How to reduce size of large Excel files?

Introduction

Last week, I solved an interesting problem with a customer, who had a very large Excel file compared to others with practically the same amount of data.

And I share here the solution.

The problem

When we work with files - especially Microsoft Office files - moving data, creating worksheets, copying and pasting, formatting, we can end up making the file huge without realizing it.

But this causes several problems such as slowness: whether to open, manipulate and save. Not to mention, it’s worse to send/receive large files via email.

The first thing to do is identify what is causing the problem.

In most cases, removing worksheets, data, and formulas and even removing formatting solves the problem - bringing Excel back to a normal size.
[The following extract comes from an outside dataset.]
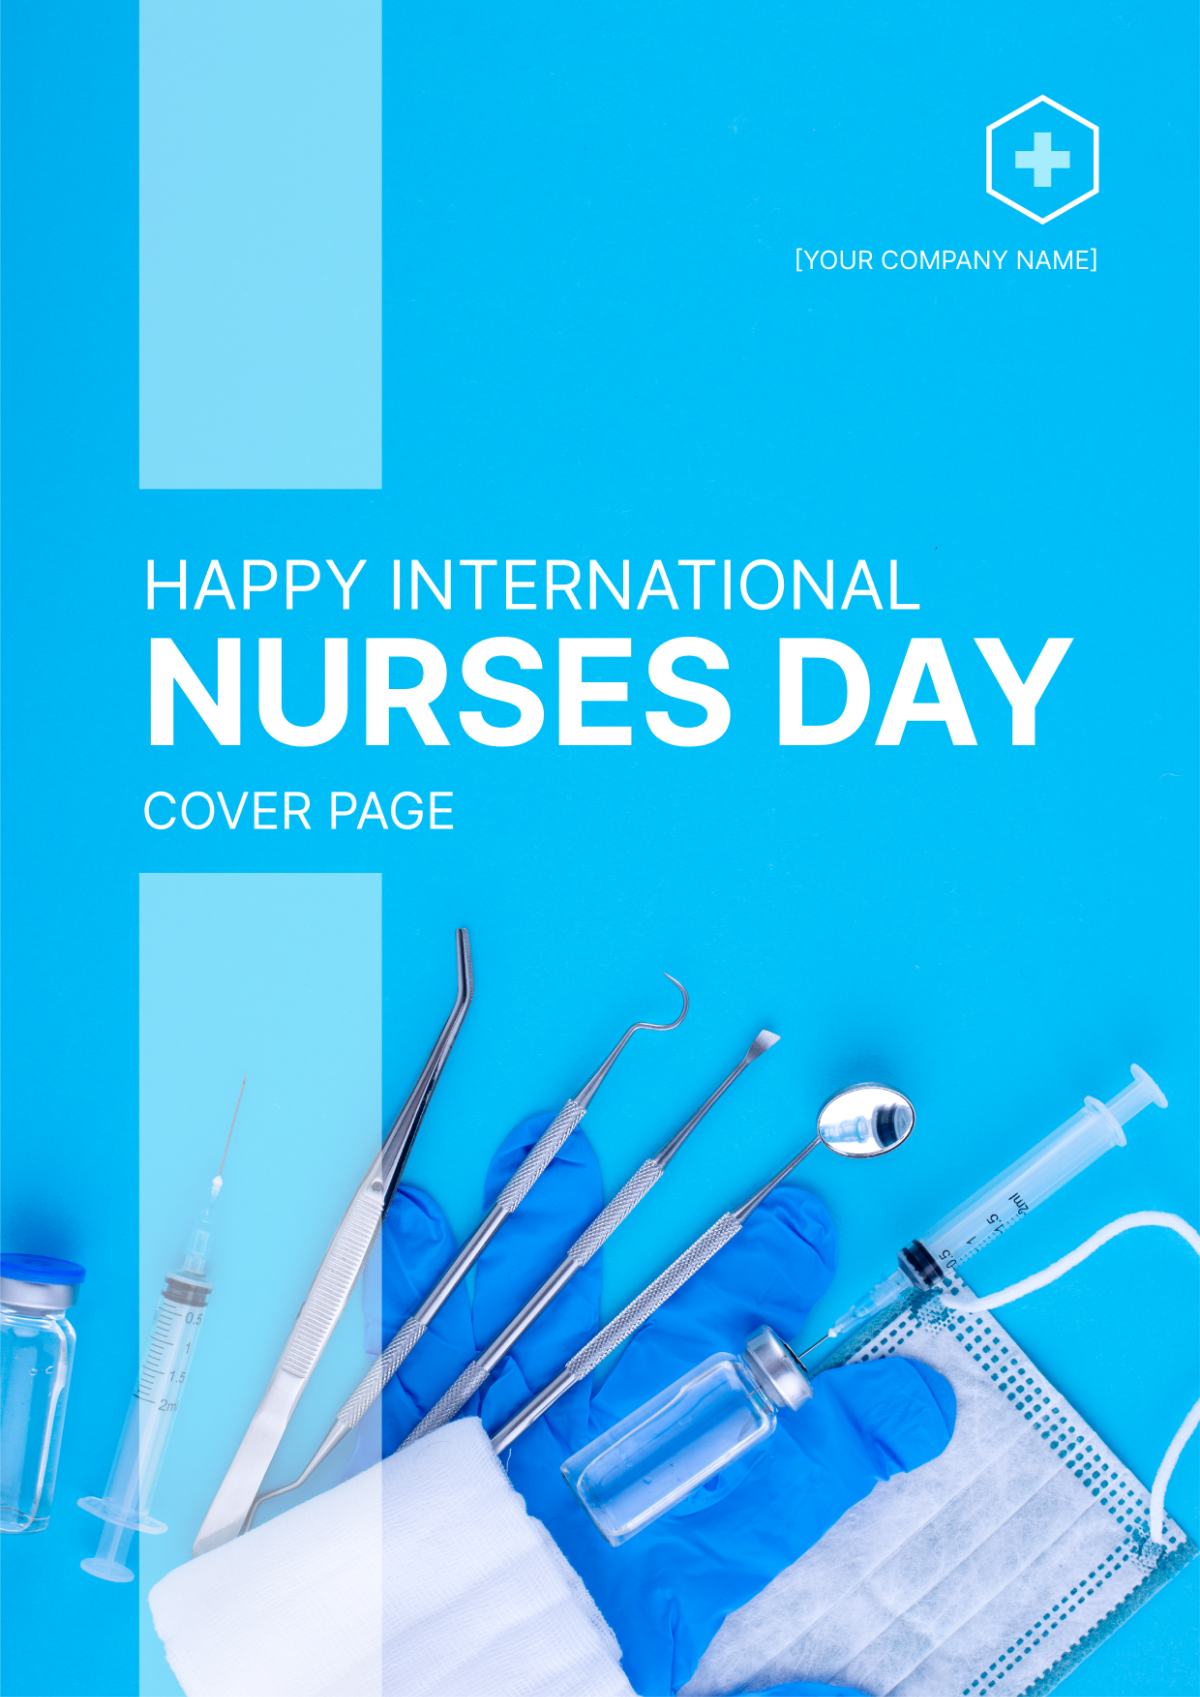 Happy International Nurses Day Cover Page

It may be that there are blank lines and/or columns, taking up more space - and in this case, it is always good to delete them - as they are unnecessary.

A tip in this case is to learn how to use the shortcuts CTRL + HOME (a shortcut that takes you to the first cell of the worksheet) and CTRL + END (another shortcut, but now it takes you to the last cell of the worksheet). And in that case, you will see if your worksheet actually ends up where it should (for example at the end of the table) or if it is considering blank cells, and leading Excel to think that it has data in them (like invisible data) and ends up increasing the size of the file unnecessarily.

There are two other great shortcuts I also use to see where data in rows and columns ends up: CTRL + DOWN ARROW (shortcut to last row that has data) and CTRL + RIGHT ARROW (shortcut to last containing data).

These are shortcuts that help you identify the real extent of your data - not what Excel thinks it is (data)!

Saving the file in XLSB (binary) format instead of default (XLSX) also helps to reduce the size a bit. (Only note in this case that XLSX has XML format and is open-source readable - while XLSB does not; that is, depending on your application with other third-party tools you may need to leave it in XLSX format).

But in this particular case today, everything had been removed, and yet the file was still huge!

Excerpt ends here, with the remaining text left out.